DISTINCT Operator
The DISTINCT
operator in a SELECT
statement filters the result set to
remove duplicates:
-- Returns the unique values from one column.
-- NULL is included in the set of values if any rows have a NULL in this column.
select distinct c_birth_country from customer;
-- Returns the unique combinations of values from multiple columns.
select distinct c_salutation, c_last_name from customer;
You can use DISTINCT
in combination with an aggregation function, typically
COUNT()
, to find how many different values a column contains:
-- Counts the unique values from one column.
-- NULL is not included as a distinct value in the count.
select count(distinct c_birth_country) from customer;
-- Counts the unique combinations of values from multiple columns.

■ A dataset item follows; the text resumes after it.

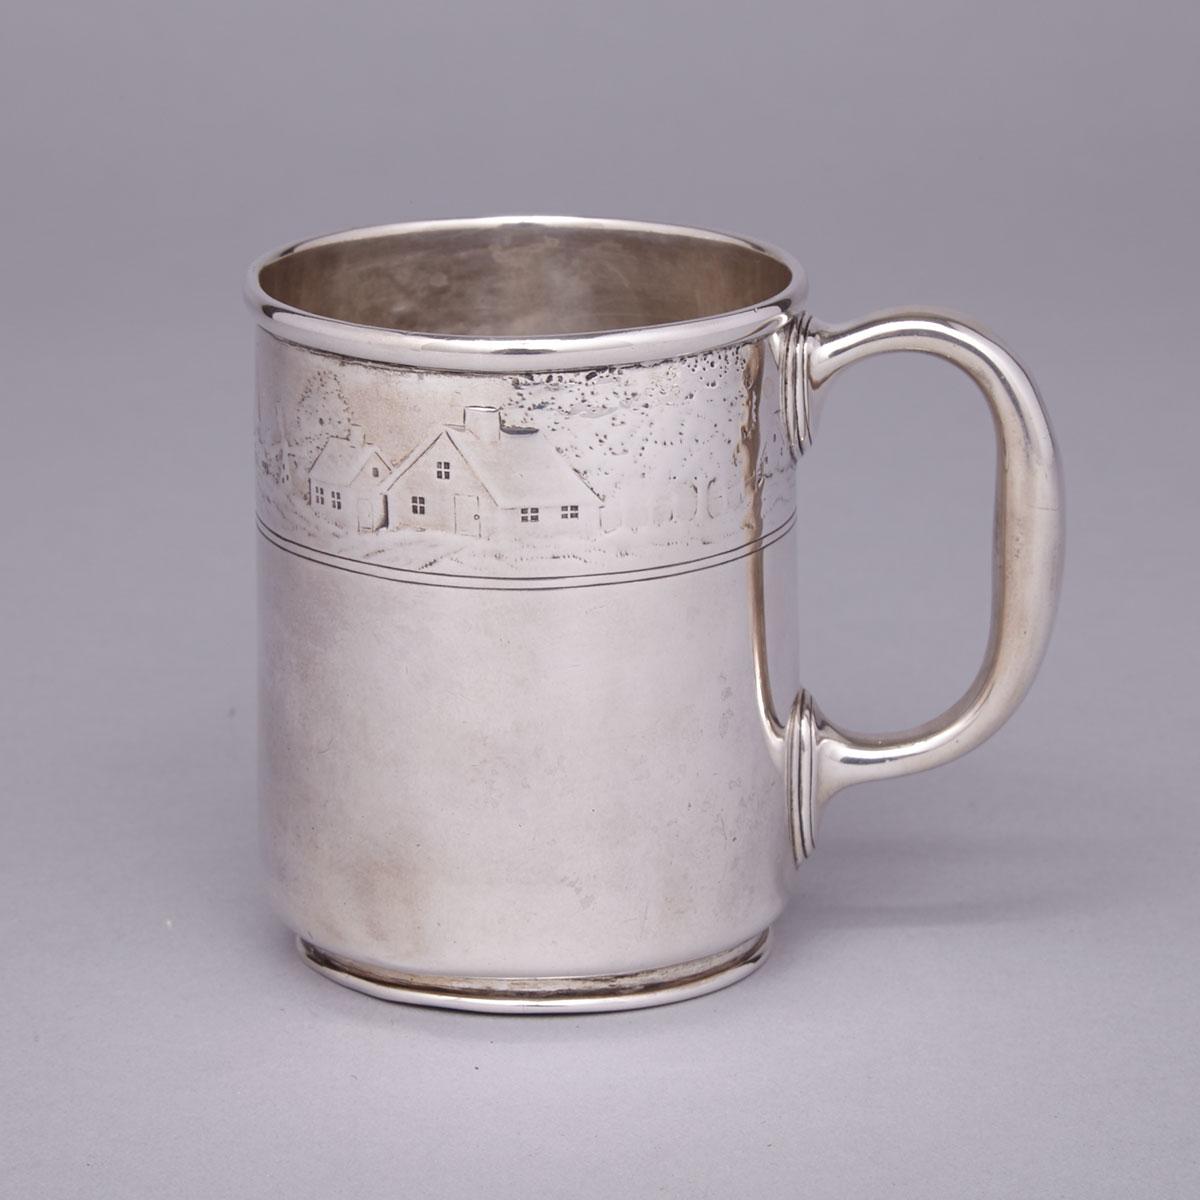 American Silver Child’s Mug, Tiffany & Co., New York, N.Y., early 20th century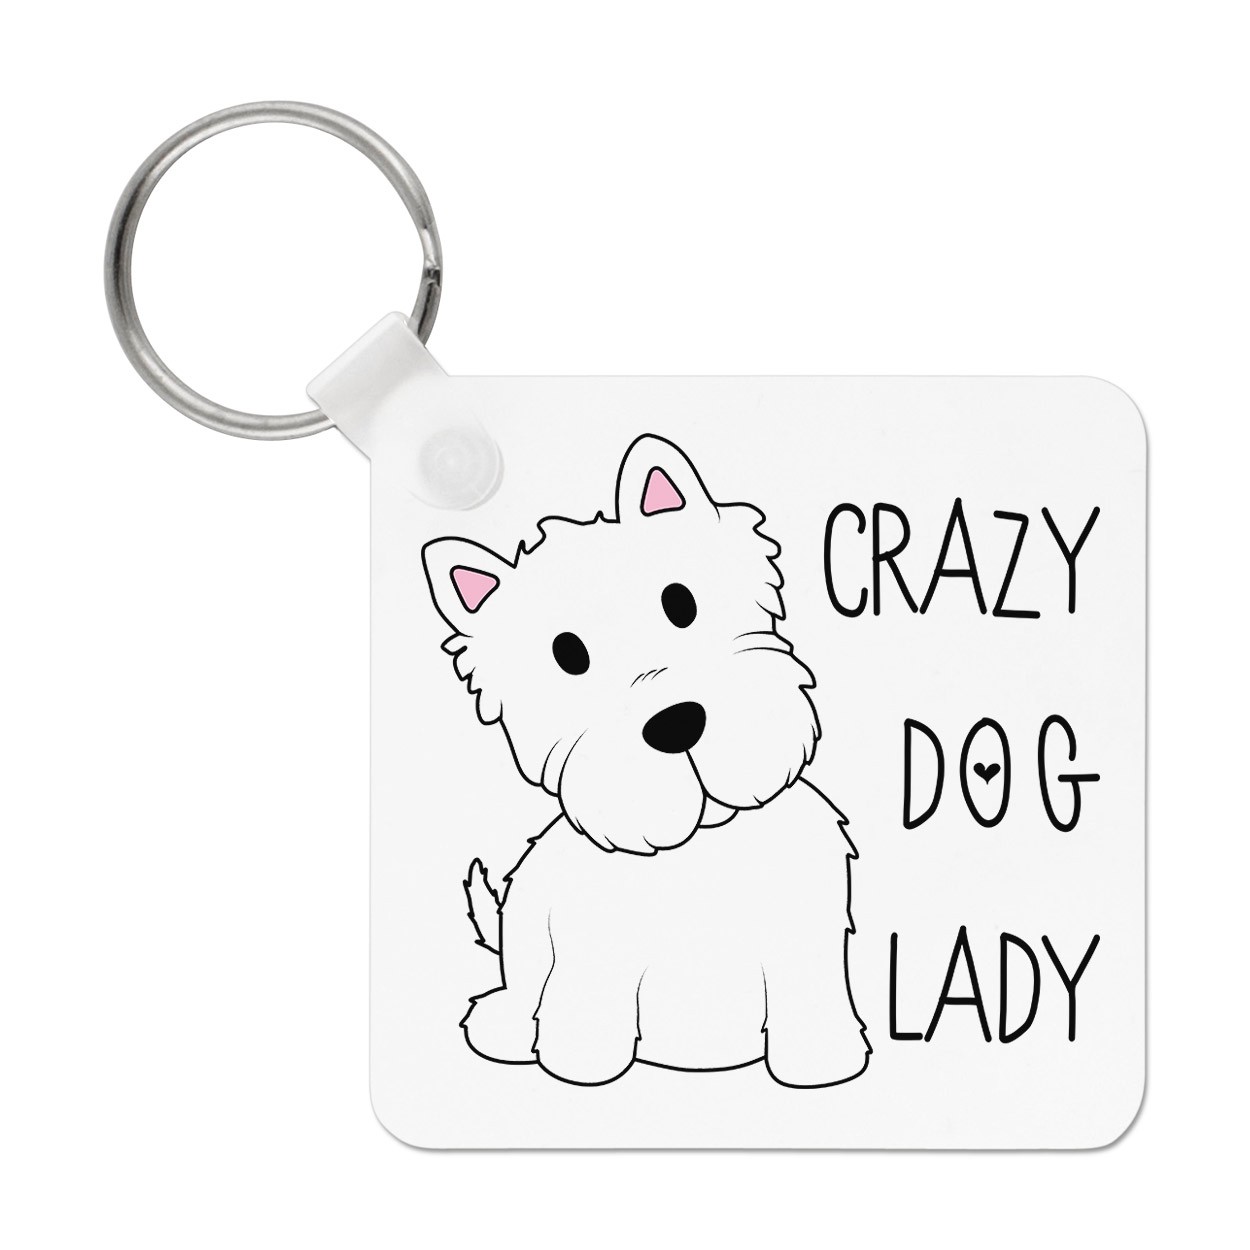 Crazy Dog Lady Keyring Key Chain

select count(distinct c_salutation, c_last_name) from customer;
One construct that Impala SQL does not support is using DISTINCT
in more than one
aggregation function in the same query. For example, you could not have a single query with both
COUNT(DISTINCT c_first_name)
and COUNT(DISTINCT c_last_name)
in the
SELECT
list.
Zero-length strings: For purposes of clauses such as DISTINCT
and GROUP
BY
, Impala considers zero-length strings (""
), NULL
, and space
to all be different values.
By default, Impala only allows a single COUNT(DISTINCT columns)
expression in each query.
If you do not need precise accuracy, you can produce an estimate of the distinct values for a column by
specifying NDV(column)
; a query can contain multiple instances of
NDV(column)
. To make Impala automatically rewrite
COUNT(DISTINCT)
expressions to NDV()
, enable the
APPX_COUNT_DISTINCT
query option.
To produce the same result as multiple COUNT(DISTINCT)
expressions, you can use the
following technique for queries involving a single table:
select v1.c1 result1, v2.c1 result2 from
(select count(distinct col1) as c1 from t1) v1
cross join
(select count(distinct col2) as c1 from t1) v2;
Because CROSS JOIN
is an expensive operation, prefer to use the NDV()
technique wherever practical.
In contrast with some database systems that always return DISTINCT
values in sorted order,
Impala does not do any ordering of DISTINCT
values. Always include an ORDER
BY
clause if you need the values in alphabetical or numeric sorted order.